Data format Raw, filtered and analysed
Description of data collection The microbial DNA of all Tej samples were extracted, amplified, sequenced and analysed sequentially.
Data source location A total 21 Tej samples were collected from Addis Ababa (lat. 8.9806, long. 38.7578), Bahir Dar (lat. 11.5742, long. 37.3614), Debre Markos (lat. 10.3296, long. 37.7344) areas
The collected samples were analysed in:
Kyungpook National University, Daegu, Korea,
Data accessibility Repository name: National Center for Biotechnology Information (NCBI)
Sequence Read Archive (SRA) data: Accession number PRJNA781236
and PRJNA781563
Direct URL to data: https://www.ncbi.nlm.nih.gov/Traces/study/?acc=PRJNA781236
and https://www.ncbi.nlm.nih.gov/Traces/study/?acc=PRJNA781563
Repository name: Science Data Bank
Data identification number: 31253.11.sciencedb.01345
Direct URL to data: https://www.scidb.cn/en/s/URFf2q
Related research article E. Fentie, M. Jeong, S. Emire, H. Demsash, M.A. Kim, H.J. Jeon, S.E. Lee, S. Tagele, Y.J. Park, J.H. Shin, Physicochemical properties, antioxidant activities and microbial communities of Ethiopian honey wine, Tej, Food Res. 152 (2022) 110765. https://doi.org/10.1016/j.foodres.2021.110765

Value of the Data

  • Helps to identify the dominant bacterial and fungal genus found in Tej samples.

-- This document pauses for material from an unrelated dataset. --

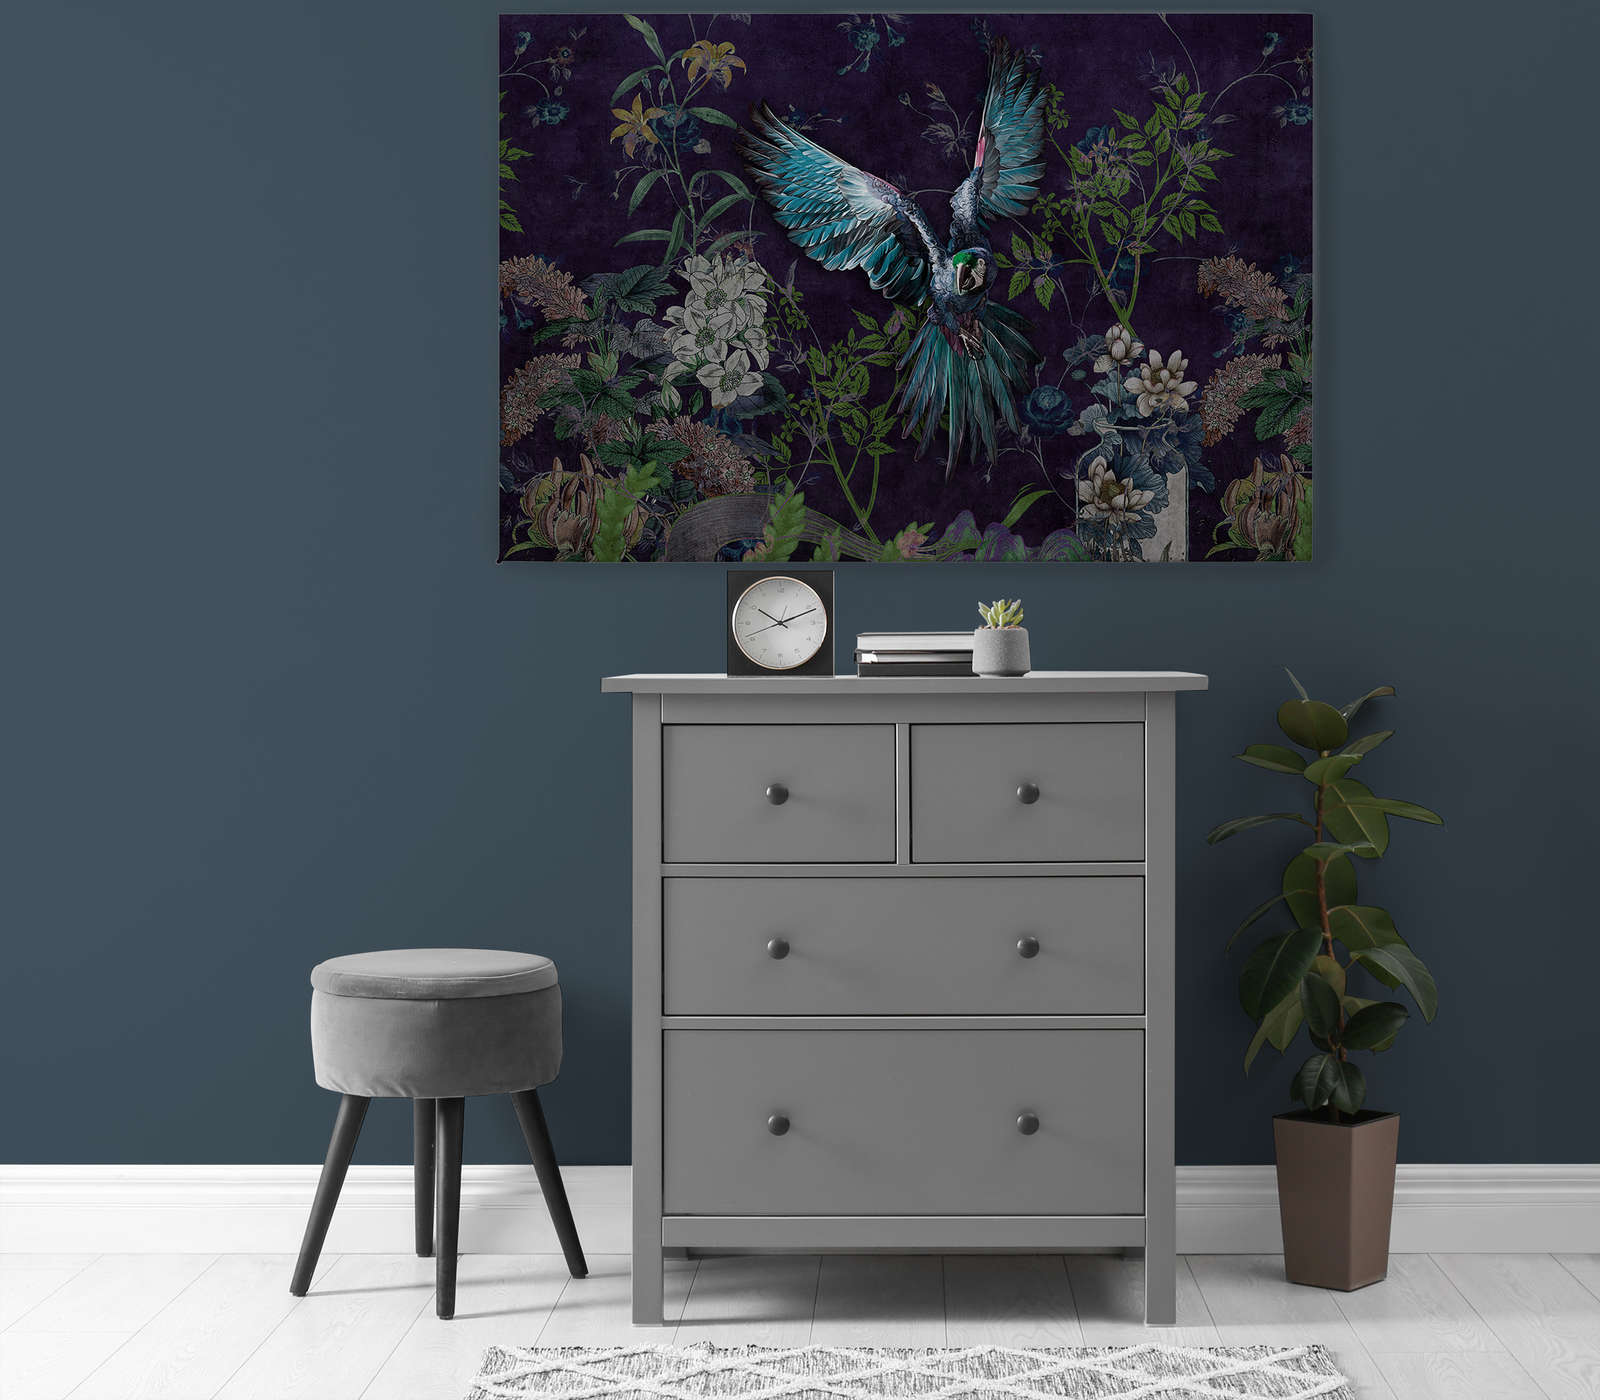             Tropical Hero 2 - Perroquet toile fleurs & fond noir - 1,20 m x 0,80 m

  • Helps to understand the differences and similarities of the microbial community structure for spontaneously fermented Tej samples.

  • Helps on the development of direct Tej fermentation system.

1. Data

This dataset contains the microbiome data of both bacteria and fungi communities for Tej samples collected from three different locations of Ethiopia. The raw bacterial and fungal FASTA files of each sample are made accessible via National Center for Biotechnology Information (NCBI) data repository system. These FASTA files were the original metadata that were used for the bioinformatics analysis of this study. Table 1, describes the alpha diversity indices (Chao 1, Shannon, Simpson, Evenness, InvSimpson and observed) of each sample. This table is aimed to show the differences in alpha diversity indices based on sample collecting areas. Besides, Table 2 shows the list of bacterial and fungal communities that has less than 1% relative abundance. It showed all level of taxonomical classifications (Phylum, Class, Order, Family, and Genus) alongside its relative abundance of both bacterial and fungal communities. Both tables are made accessible on Science Data Bank data repository system. Furthermore, the quantitative bacterial and fungal beta diversity of the collected Tej samples was illustrated by using weighted-Unifrac principal coordinate analysis (PCoA) plot (Fig. 1). The relative abundance of each taxon for both bacterial and fungi communities from respective sample collection areas were the major comparing factor for microbial ecology diversity analysis. The distance metrics in the weighted-Unifrac PCoA plot demonstrated differences in microbial taxon abundance between the collected Tej samples (Fig. 1). Moreover, Fig. 2 demonstrate linear discriminant analysis effect size (LefSe) of bacteria and fungi for collected Tej samples based on the sample collection area. This figure was basically used to describe the significantly higher abundant bacterial and fungi taxon found in the grouped samples. Besides, all of the identified taxon in Fig. 2 were screened out using a linear discriminant analysis score of greater than 3.0. (Fig. 2).

Table 1.

Alpha diversity of bacteria and fungi communities.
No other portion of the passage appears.